Strength in Numbers

Studio B9 spotlights the art nexus of West End



Atlanta has no central gallery district or complex of studios, so its art scene lacks any real sense of a physical community. But it has a thriving spiritual one. Artists have created small communities of their own at galleries like Saltworks, with its cluster of works spaces, or in the Atlanta Contemporary Art Center’s studios.

The B9 Studio complex in Atlanta’s West End is a gated bohemia that offers a wraparound metal fence and ample work space for an informal community of five artists: Jeff Conefry, Kojo Griffin, David Isenhour, Lance Lamont and Charles Nelson. Housed in an epic warren of warehouse spaces in a dodgy industrial strip off Murphy Avenue, the studios’ neighbors are freight trains, vacant lots and people who transport their worldly goods in shopping carts.

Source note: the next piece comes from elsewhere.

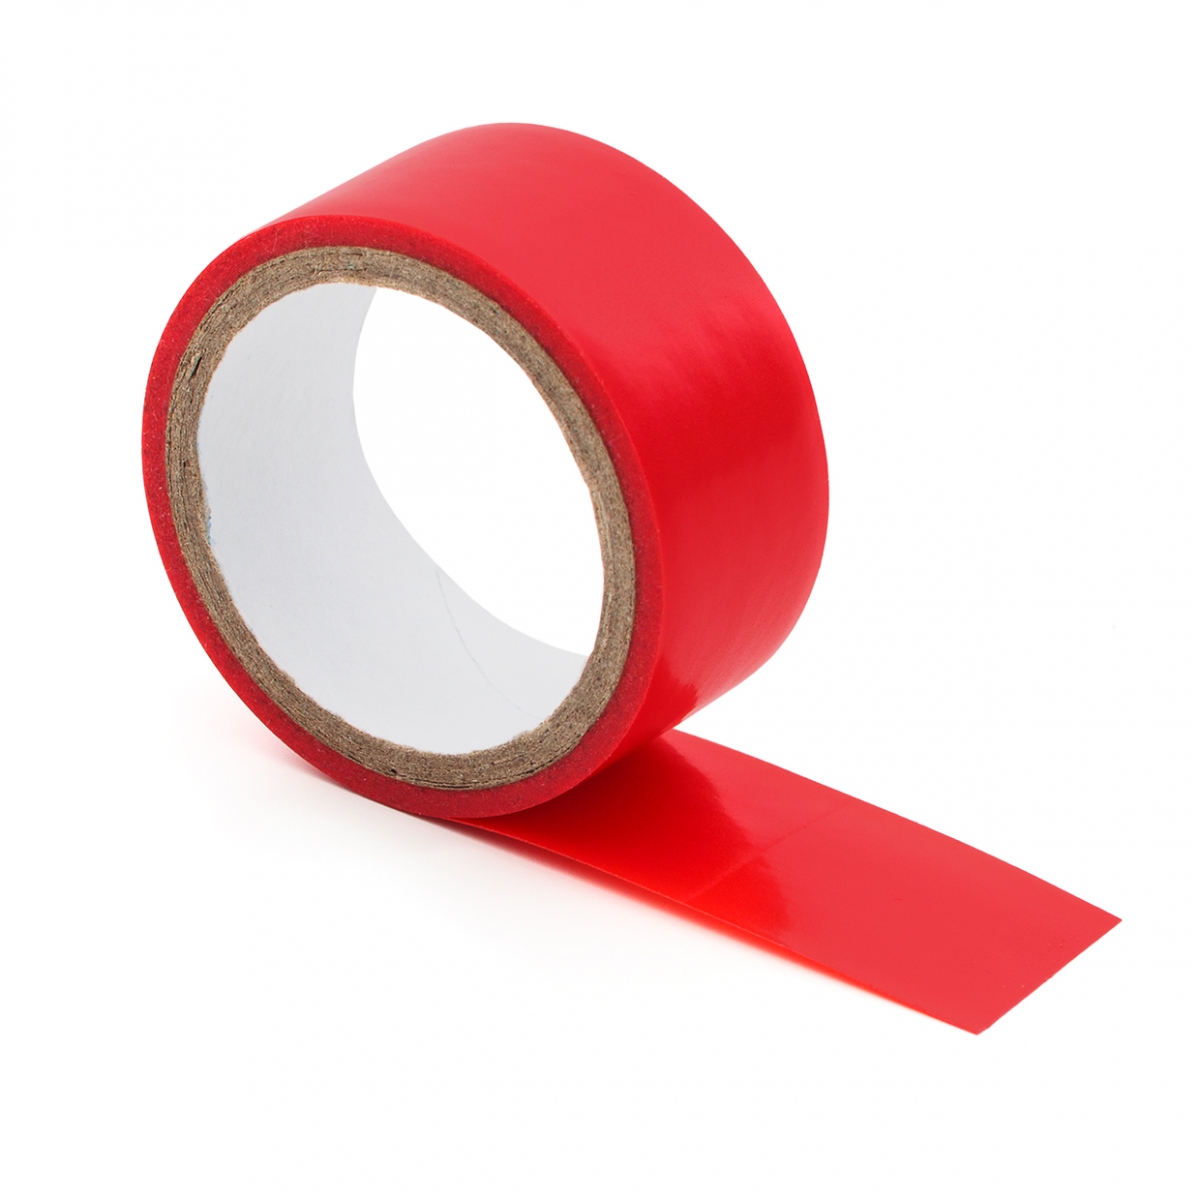 Imagen en la que se ve una cinta aislante roja

The artists who share the B9 space, whose work is currently on view at the ArtWalk at Lenox Square, couldn’t be more different. Lance Lamont is the classic artist’s artist in the lot. His abstract paintings executed on wood panels are founded on paint’s tactile qualities and painting’s potential for rich physical presence. The raised, splattered, accumulated gobs make his abstractions resemble moonscapes or some otherworldly topography done up in glowing, earthy colors of rust and molten lava.

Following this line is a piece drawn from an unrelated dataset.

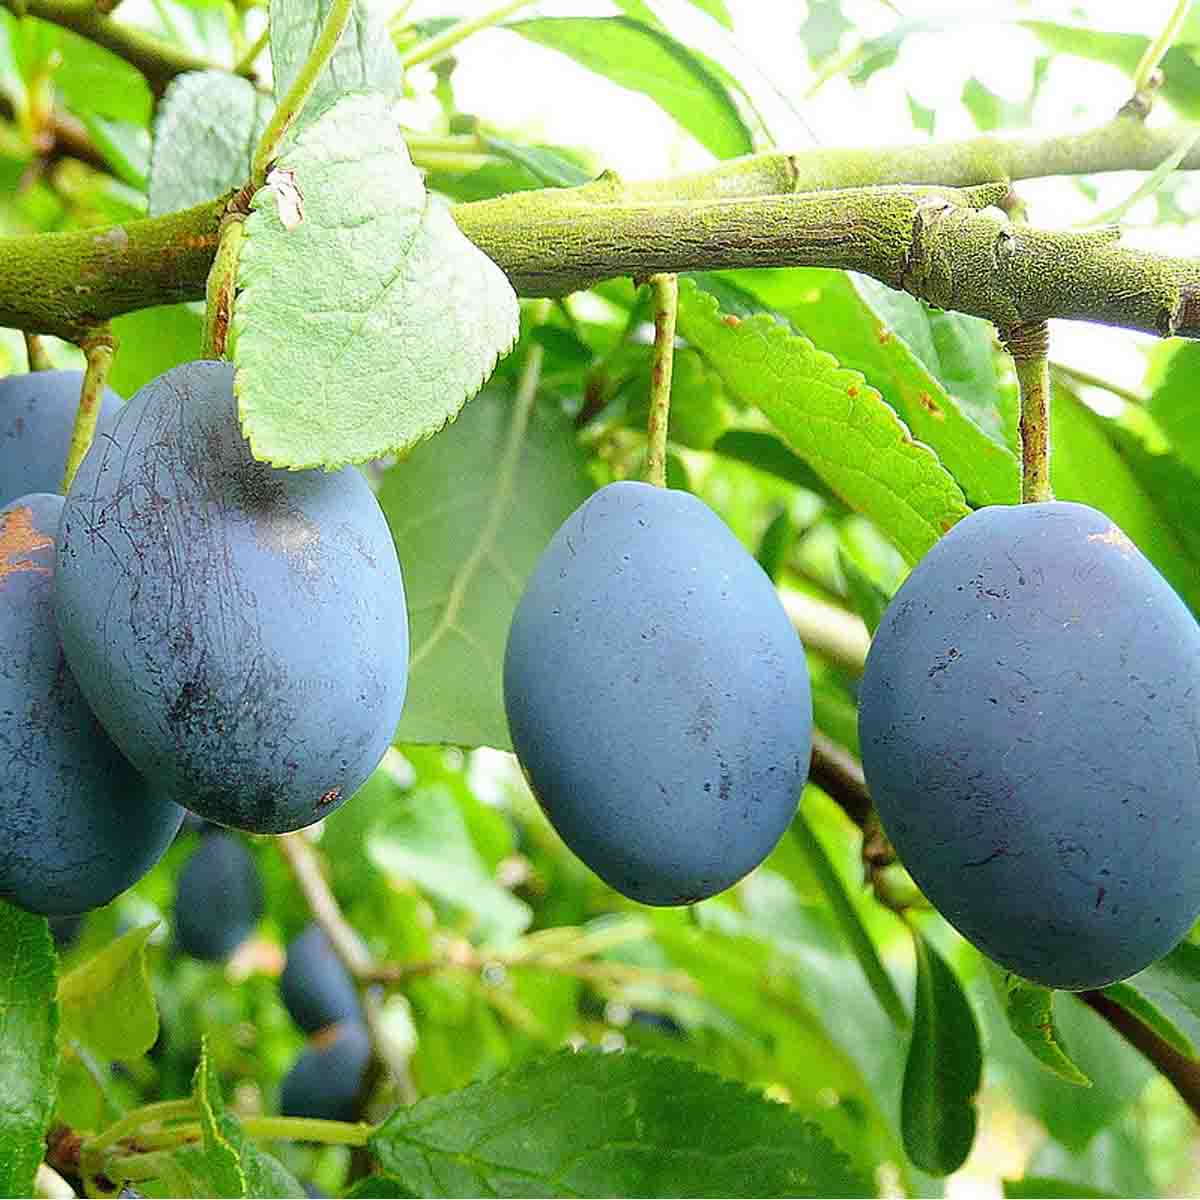 A plum tree

Charles Nelson is an artist who has not only mentored a new generation of local African-American artists, but who has produced some of the city’s most provocative and conceptual work about race and identity. He brings an intriguing mix of humor, provocation and anger to his artmaking. In Studio B9, however, Nelson takes a breather from social issues and takes a turn toward the personal and tender.

His “Digital Transference: Gretchen Hupfel” is an ethereal eulogy to the Atlanta artist who recently took her own life. “Transference” not only depicts Hupfel in a minimalist portrait, it also references her own clean, spare aesthetic. The work is the most fitting kind of tribute: restrained and clear-eyed but also remarkably telling and heartfelt. Using cut-up fragments of paper paint swatches, Nelson has assembled a Chuck Close-style, pixilated representation of Hupfel’s face. Seen up close, Hupfel’s likeness becomes hazy and the individual pieces of paper become distractingly visible. But seen from a distance, the portrait is immediately recognizable as Hupfel. “Transference” is a poetic metaphor for how we experience death. When loved ones die, the close-up, intimate perception of them begins to retreat and they become remembered only from a great, abstract distance.

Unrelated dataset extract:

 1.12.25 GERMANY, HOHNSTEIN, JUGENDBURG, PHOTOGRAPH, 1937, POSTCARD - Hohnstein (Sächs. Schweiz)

David Isenhour, perhaps the B9 artist closest to Nelson in terms of content and execution, creates winking, piquant examinations of how our consciousness has been mutated and shaped by pop culture. There is an evolution to Isenhour’s sleek, wry work in Studio B9, from the glossy, slick surfaces of his sculptures “Becoming” and “Secret” to the more subdued effect of “Bulge.”

“Becoming” is an egg-shaped silver orb sprouting bulbous projectiles like some Invasion of the Body Snatchers life force rising to the surface. In contrast to that punchy, animated liquidity is “Bulge,” whose cool matte surface signals a real change from Isenhour’s previous work. Nevertheless, its bulging belly or breast protrusion shows the artist’s continued interest in the intersection of growth, sex and metamorphosis that may be a product of sci-fi or something all too hormonally human.

On canvases shaped like one of Isenhour’s cartoon thought bubbles, Jeff Conefry uses an earthy color palette to document a fragmented, driver’s-eye view of Atlanta’s cityscape of passing trucks and cars. The two large paintings on view at ArtWalk suggest a relationship between the city and the strangely formed puzzle-piece canvases, though the small sample of work on display here makes the relationship between form and content vague.

The superstar in this hive of activity is surely Kojo Griffin, not necessarily a star because his work is superior to that of the other artists, but because, as is so often the case in the art world, it seems to fit in so perfectly with the cultural zeitgeist. Featured in the 2000 Whitney Biennial, Griffin’s disturbing paintings of animals and stuffed-toy creatures acting out often disturbing scenes of rage and grief exhibit an interest in violence that never sensationalizes, but forces us to look again at this ubiquitous presence. Griffin offers a humanist’s response to an ugly problem that seems tailor-made for an age of fresh despair and exhaustion over problems that won’t go away.

Studio B9 surveys a range of Griffin’s styles, from the busy, worked-over surfaces of his early paintings with their intense hues and visual circuitry to his more recent, simple charcoal drawings on tracing paper. From ornate to stark, these works share an emphasis on loss: parents saying goodbye to children, a creature forlornly packing her suitcases for a trip. In this context, even the ordinary, innocent act of a father watching his child ride off on a bicycle into the distance suddenly seems revealing — a reluctant push into the dire realm of adulthood.